§ **WHAT YOU ARE ASKED TO DO**
Restate word for word the lines below that run from the one holding "INT052 - Meditation EP | Integral Records" through the one holding "Search.searchjsfd.com Hijacker", inclusive. Pictures don't belong in the copy.
BEGIN TASK INPUTS
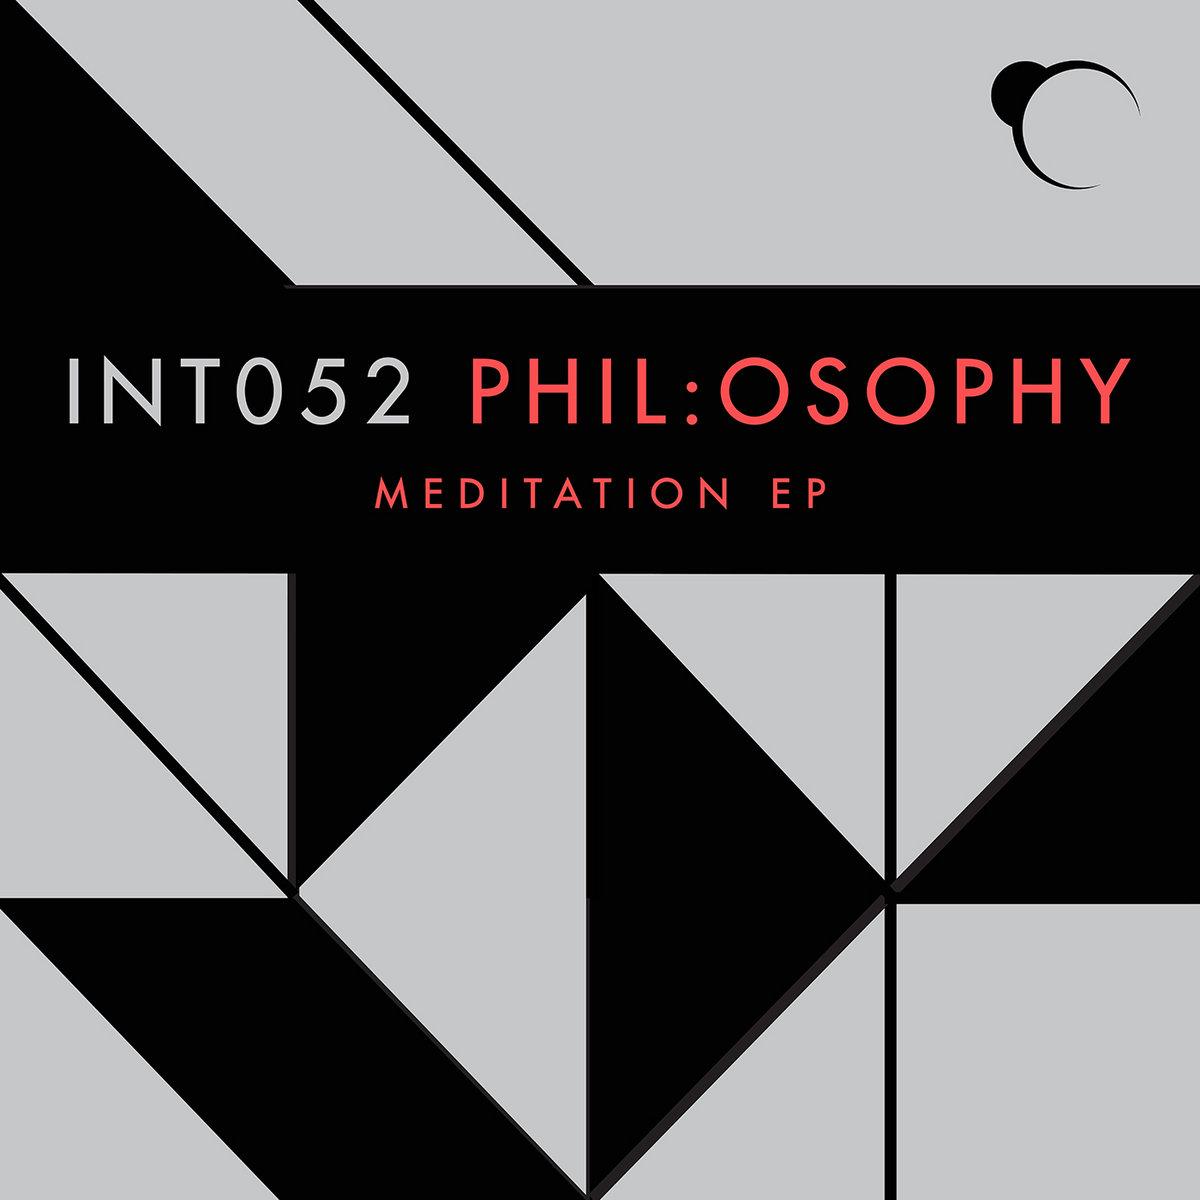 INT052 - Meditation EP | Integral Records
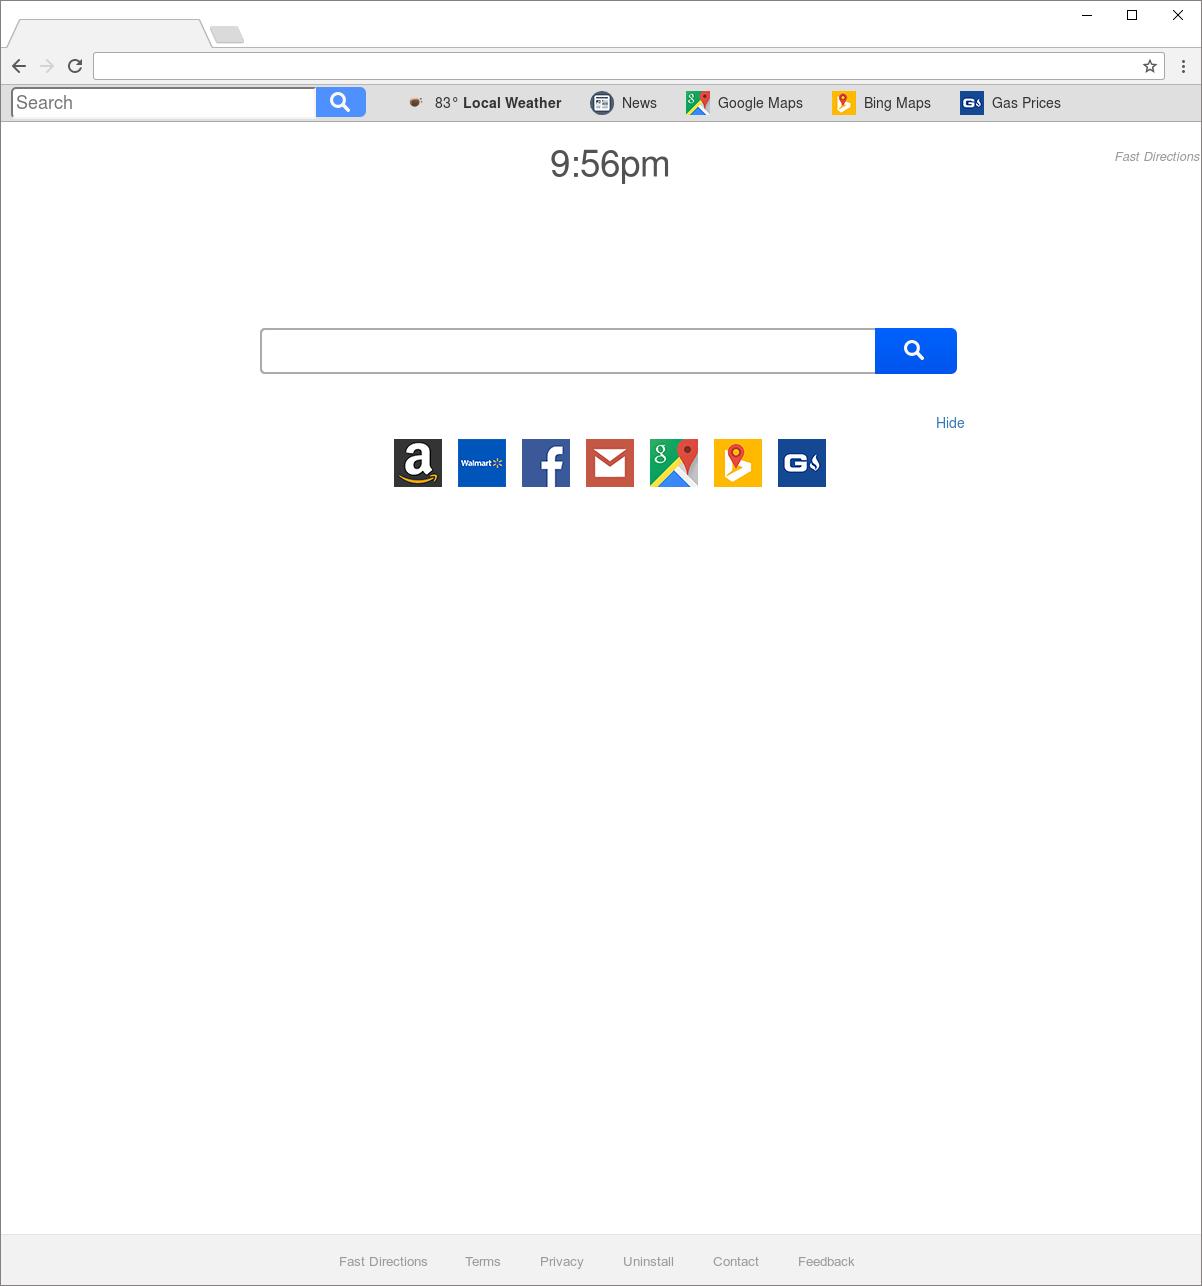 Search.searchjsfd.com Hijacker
END TASK INPUTS
BEGIN TASK INPUTS
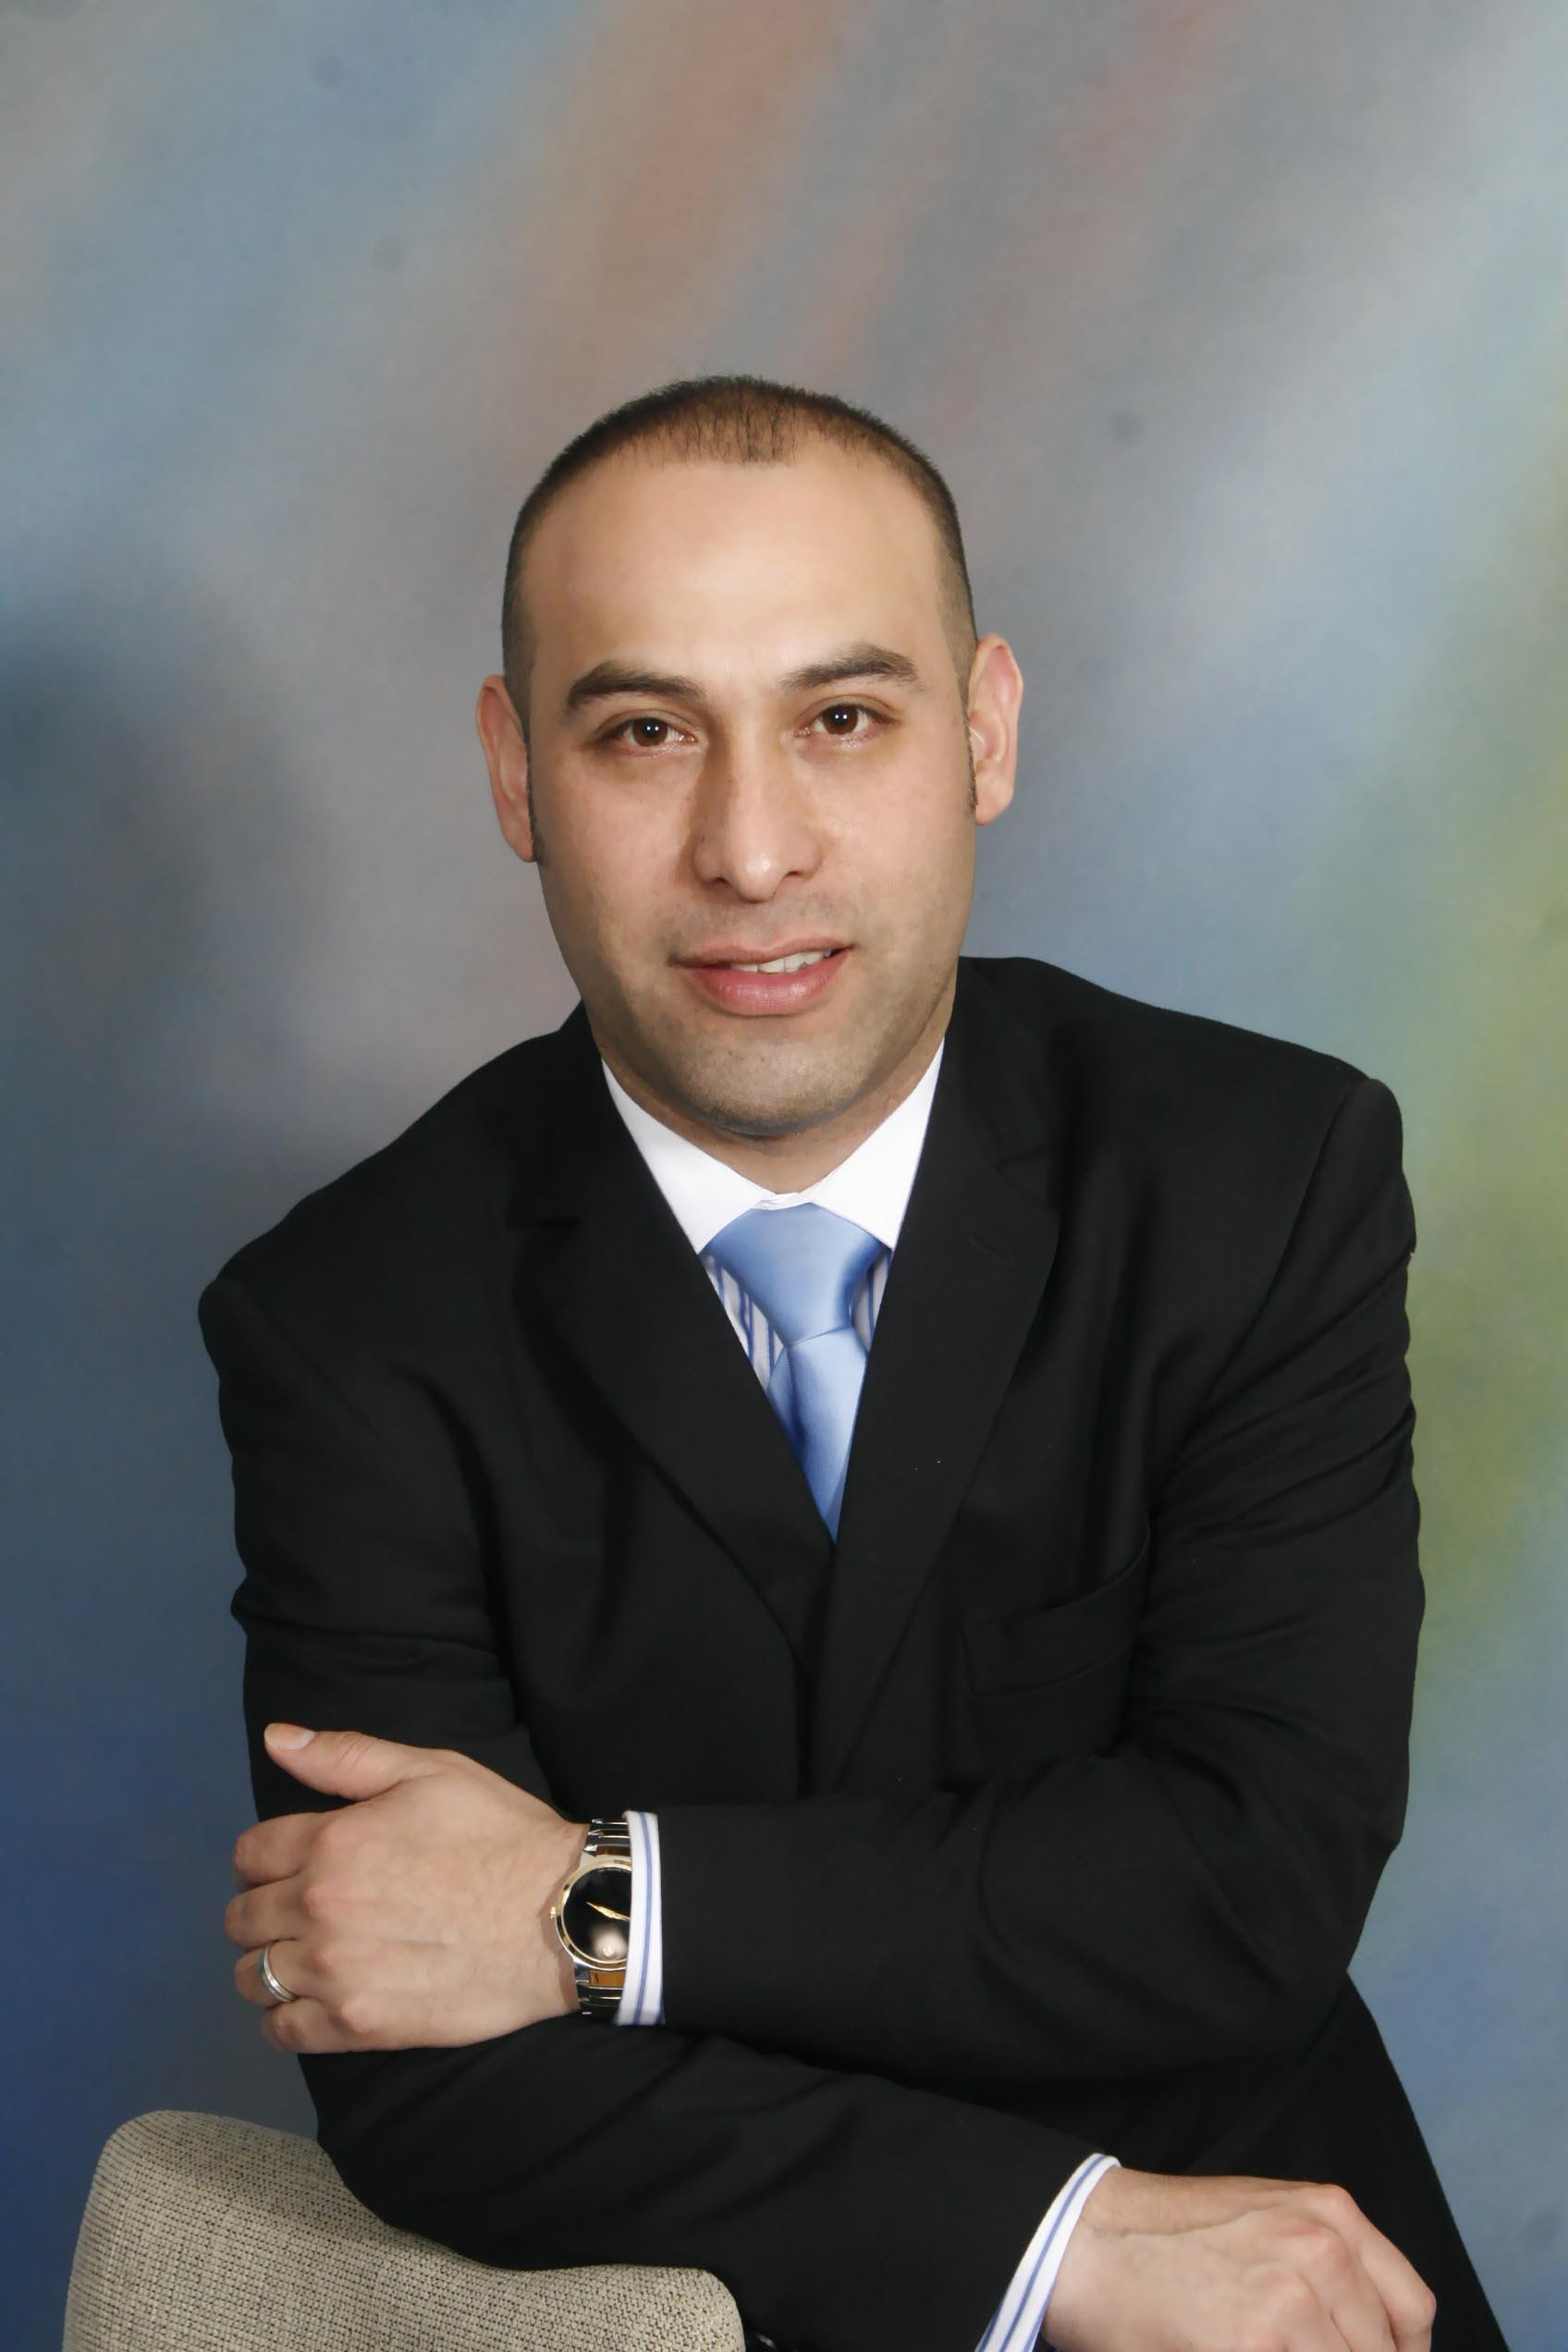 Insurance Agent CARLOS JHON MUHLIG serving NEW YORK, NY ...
END TASK INPUTS
BEGIN TASK INPUTS
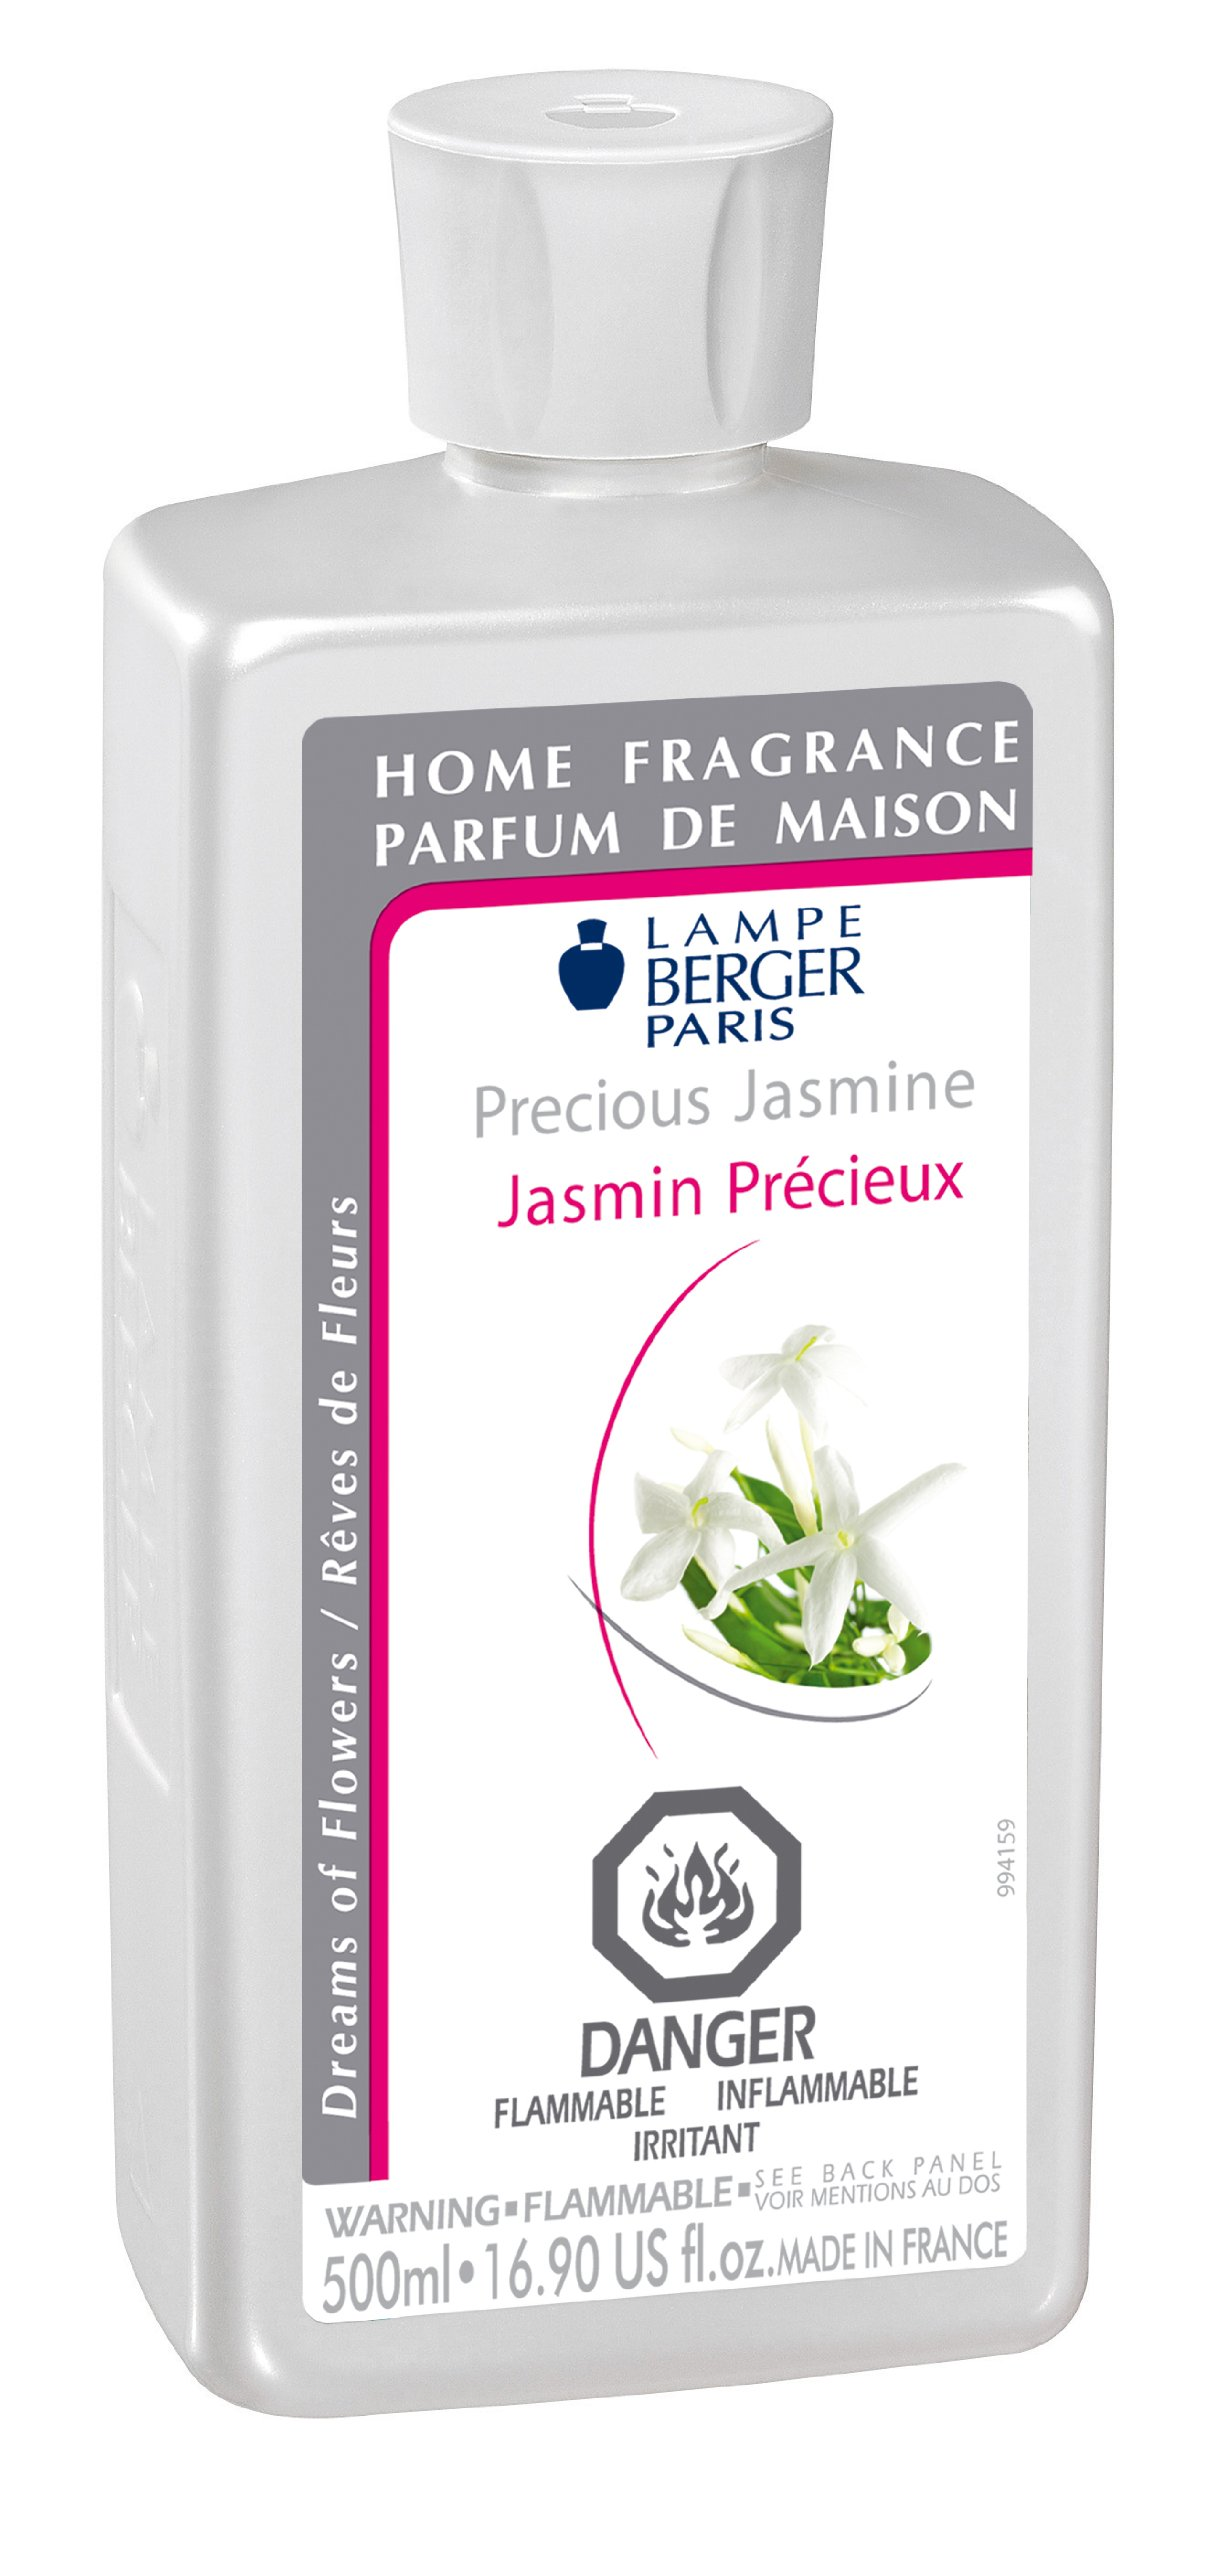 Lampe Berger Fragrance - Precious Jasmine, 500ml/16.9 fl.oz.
END TASK INPUTS
§ **WRITTEN RESPONSE**
 INT052 - Meditation EP | Integral Records
 Search.searchjsfd.com Hijacker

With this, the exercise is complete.